Thanks to another smart post over at Long Sunday called “Learning to Love Again“, I followed the link to a fascinating collective interview (pdf) under the same title with Wendy Brown in Contretemps.

Emotional pain and grief impede creativity and political thinking (even if there are countless brilliant artists and writers who have been driven by their grief to do great work). Paralysis and catatonia are common enough reactions to sadness, loss of love, etc. I’ve been resisting that kind of response pretty well, and this blog is part of my answer to the cavernous futility that sweeps out of the hole left behind. Seeing this title, “Learning to Love Again,” didn’t grab me right away, since I don’t really feel like I ever forgot how to love… au contraire! It’s a deep and richly flowing vein that I actually wish would subside and nap for a while, since it has no outlet for now.

But the title is derived from a question posed to Wendy Brown regarding her work on “left melancholia” and how, broadly speaking, we ‘of the left’ (a label I don’t wear comfortably) have lost our sense of the future AND one of the key historical ideologies (liberalism) towards which we have been opposed. The twin collapses of ‘really existing socialism’ and liberalism (which Wallerstein’s After Liberalism does a great job of linking over a 200-year history) has caused disorientation and even depression among various old and new left thinkers and activists.

Brown has written about this melancholia and describes the missing act of mourning as a key piece of it. In the interview John Dalton accepts that history has deposited us in a new and unknowable place, and states “Nothing is stable. A ‘left melacholia’ can then be thought without negativity, as the natality of a politics to-come.” He goes on to point to the horizon of globalization as a key arena for a left politics to renew itself, not by memorializing the past but by seeking new norms beyond the nation-state. This leads Wendy Brown to emphasize how big the future mourning will be when we have really moved beyond the nation-state as our frame of reference, since people of all political inclinations to a great extent still frame their political thinking and action in terms of a national stage. She qualifies her point by acknowledging that we are still quite bound up in both national and post-national politics, but she’s trying to get at the experience of loss that besets an agenda of human liberation.

“It would be a fabulous left project to develop a productive way of coming to terms with what we are all losing, and with what must be put into play as the affirmative prospects of those losses, or the affirmation that comes from that loss. What is allowed to live when something else dies? What is opened as a possibiliity when something that has claimed us is finally put to rest?”
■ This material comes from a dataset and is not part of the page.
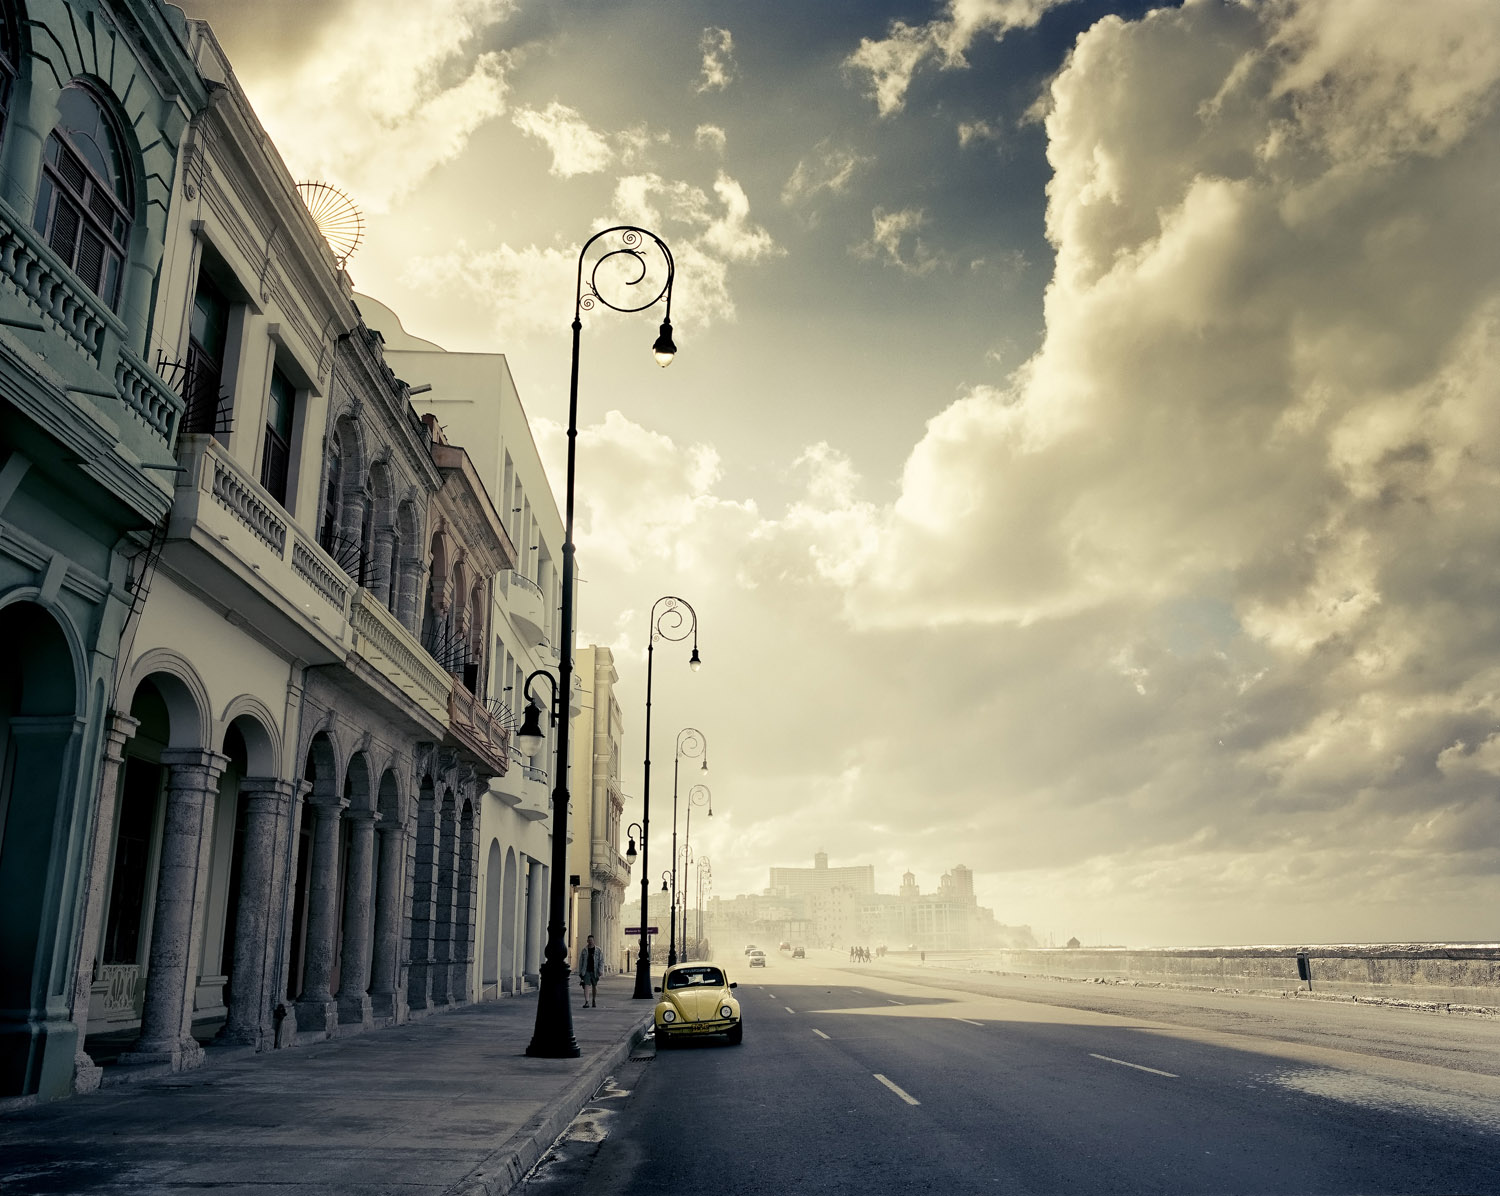 Havana’s most famous street, the Malecon at6 PM the day the cold front arrives and the sea gets choppy, and waves spray passing cars and pedestrians

This language is eerily apt for personal loss too. How does one hold and honor the anguish and grief that accompanies lost love, but let it pass, let it die, and then see what is newly opened? Wish I knew! I know I’m open and looking, but of course, this isn’t just about my personal drama. Because even though I see and feel it quite profoundly in terms of my personal life, I also live it every day in terms of the broader political culture.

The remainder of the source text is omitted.